> [Data section]:
==================================================

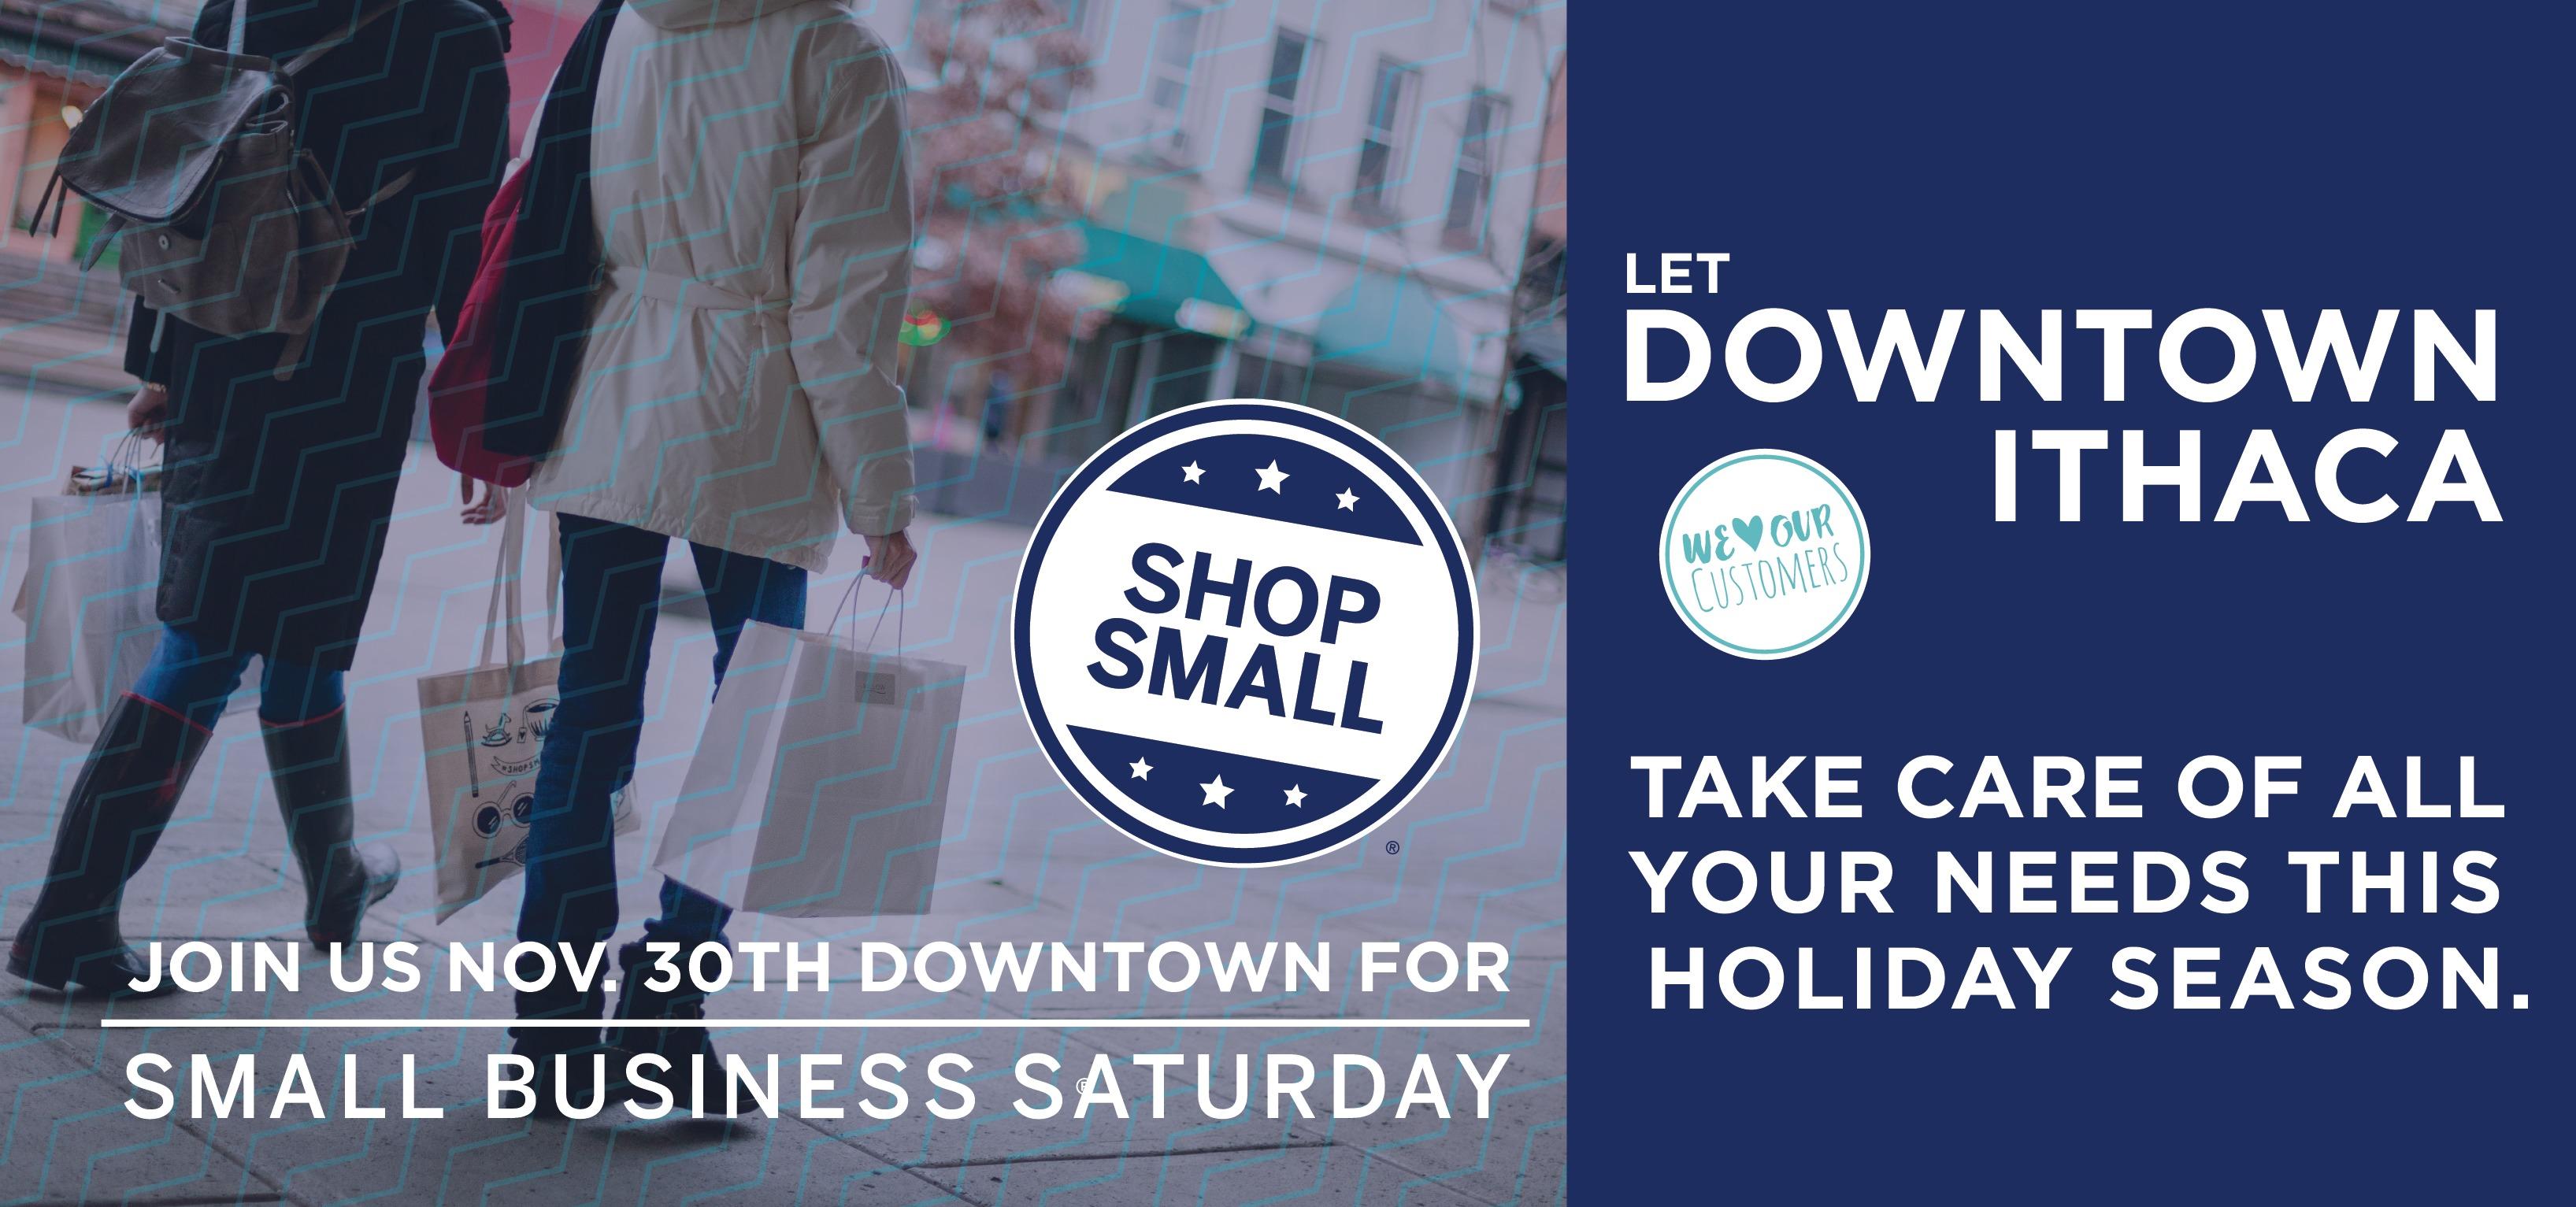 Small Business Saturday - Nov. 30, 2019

==================================================

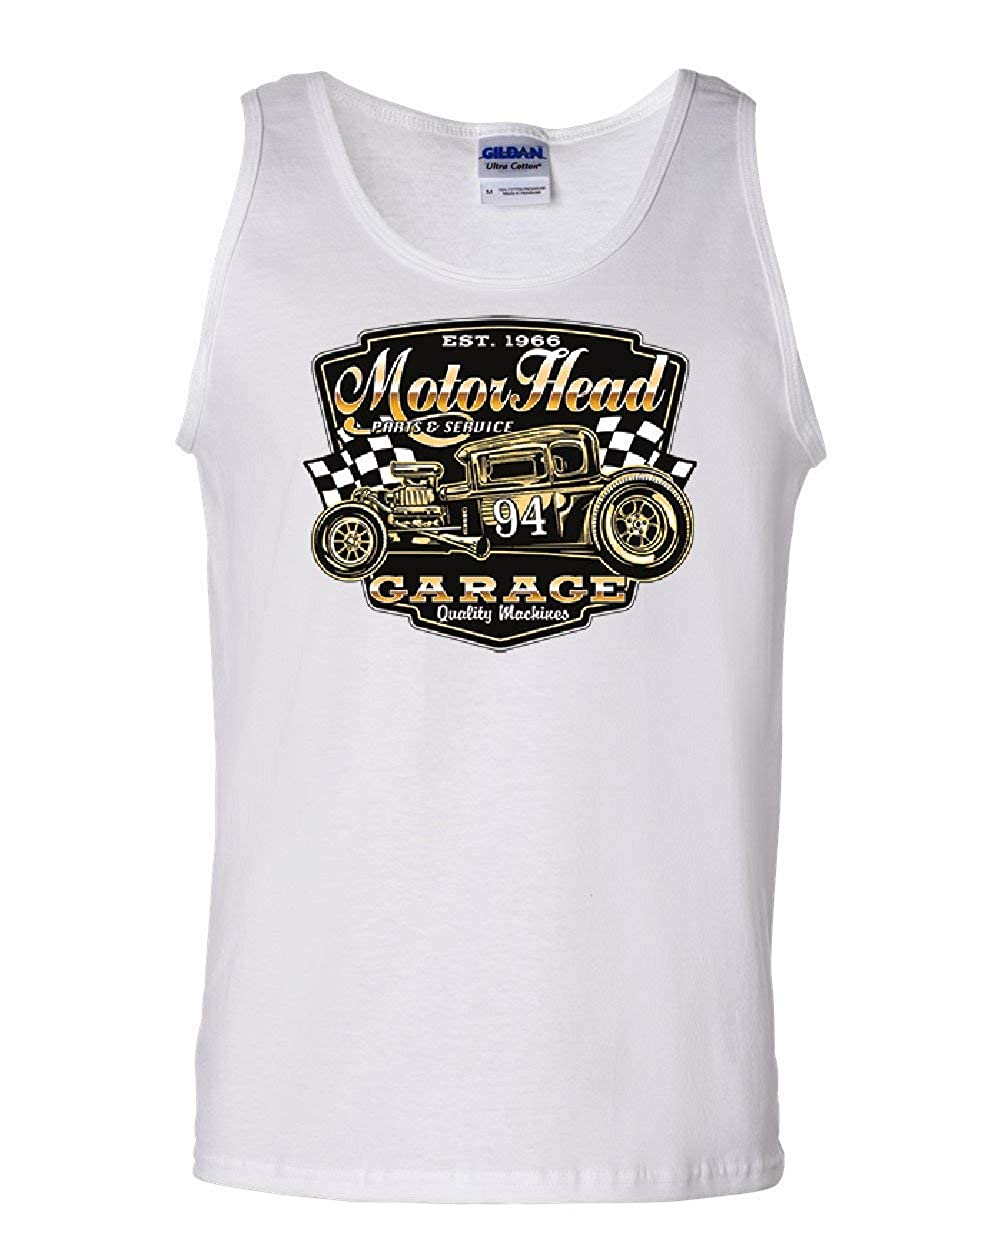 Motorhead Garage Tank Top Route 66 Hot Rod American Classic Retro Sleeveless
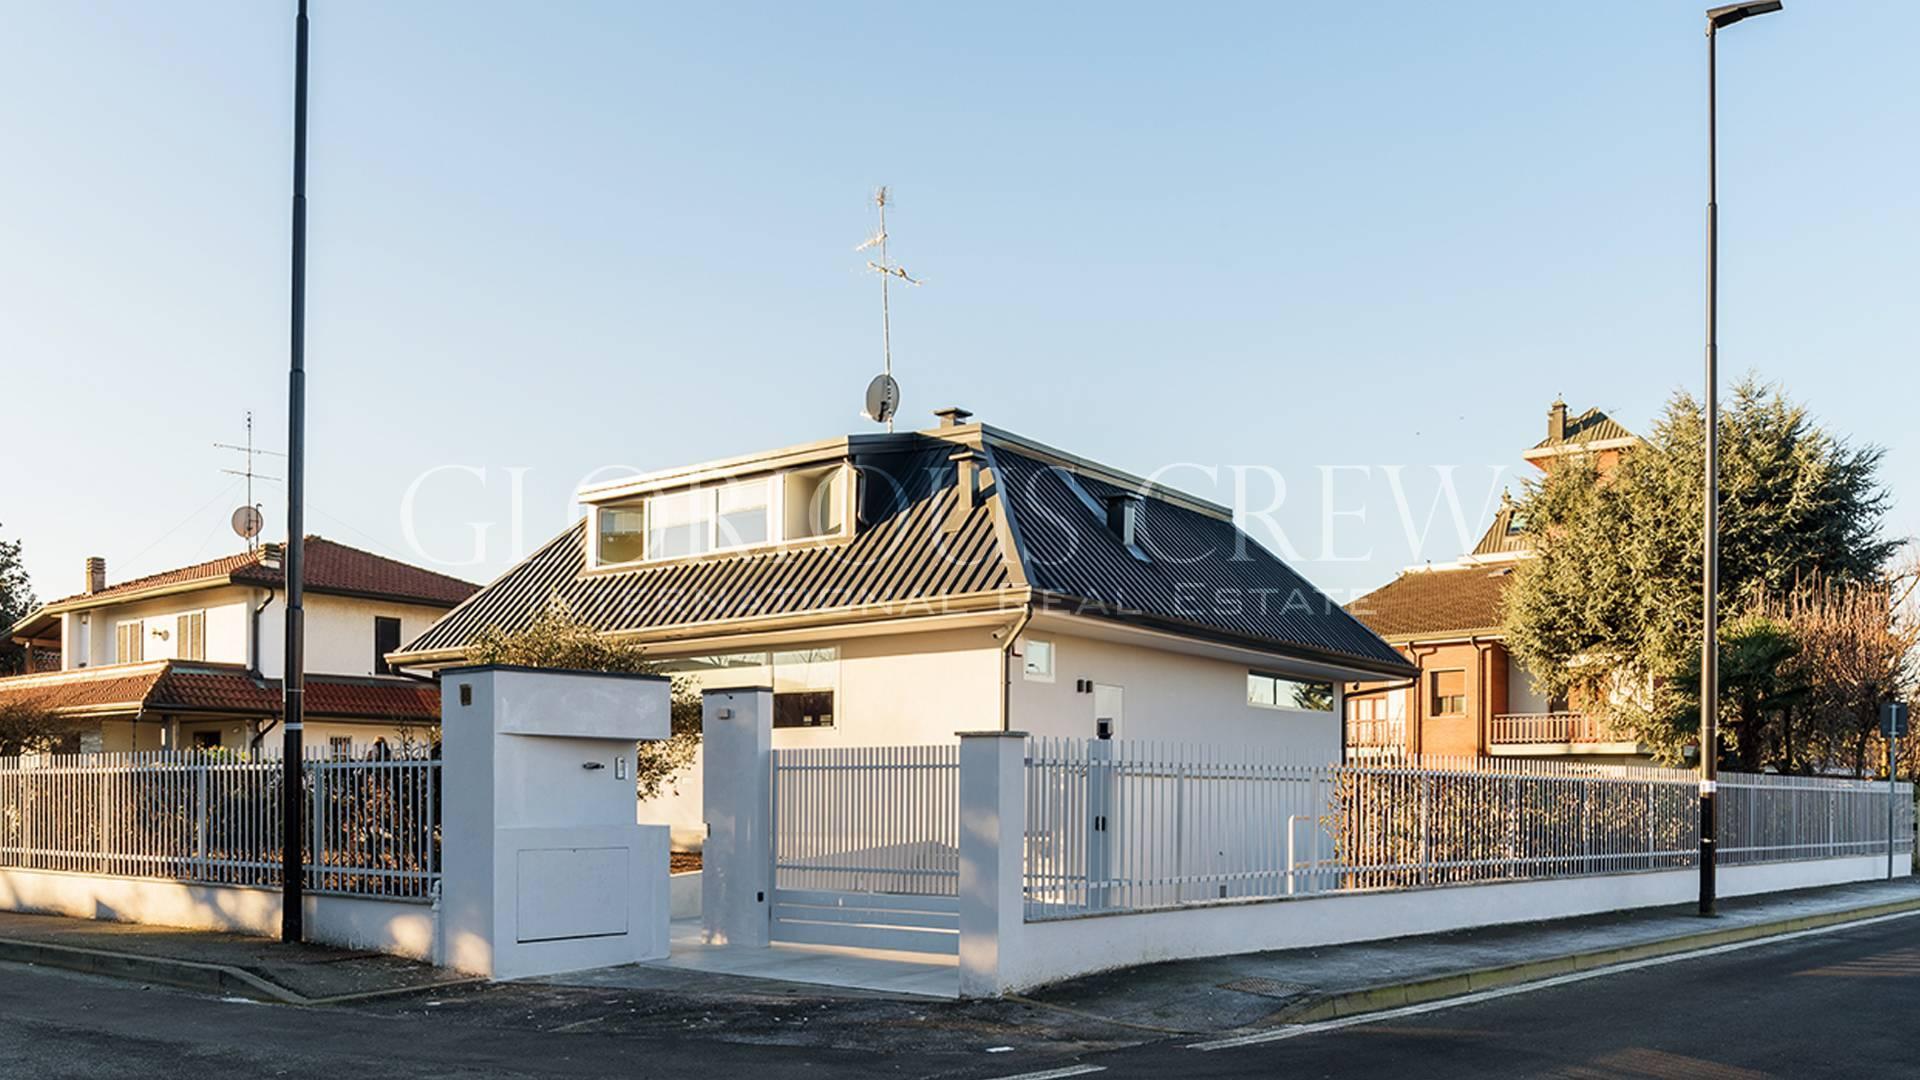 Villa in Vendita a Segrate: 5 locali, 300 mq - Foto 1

==================================================

> [Try it]: Would you please repeat only the lines above, beginning at the one that has "Motorhead Garage Tank" and stopping after the one that has "Villa in Vendita", exactly and with no pictures?

> [Reply]:
 Motorhead Garage Tank Top Route 66 Hot Rod American Classic Retro Sleeveless
 Villa in Vendita a Segrate: 5 locali, 300 mq - Foto 1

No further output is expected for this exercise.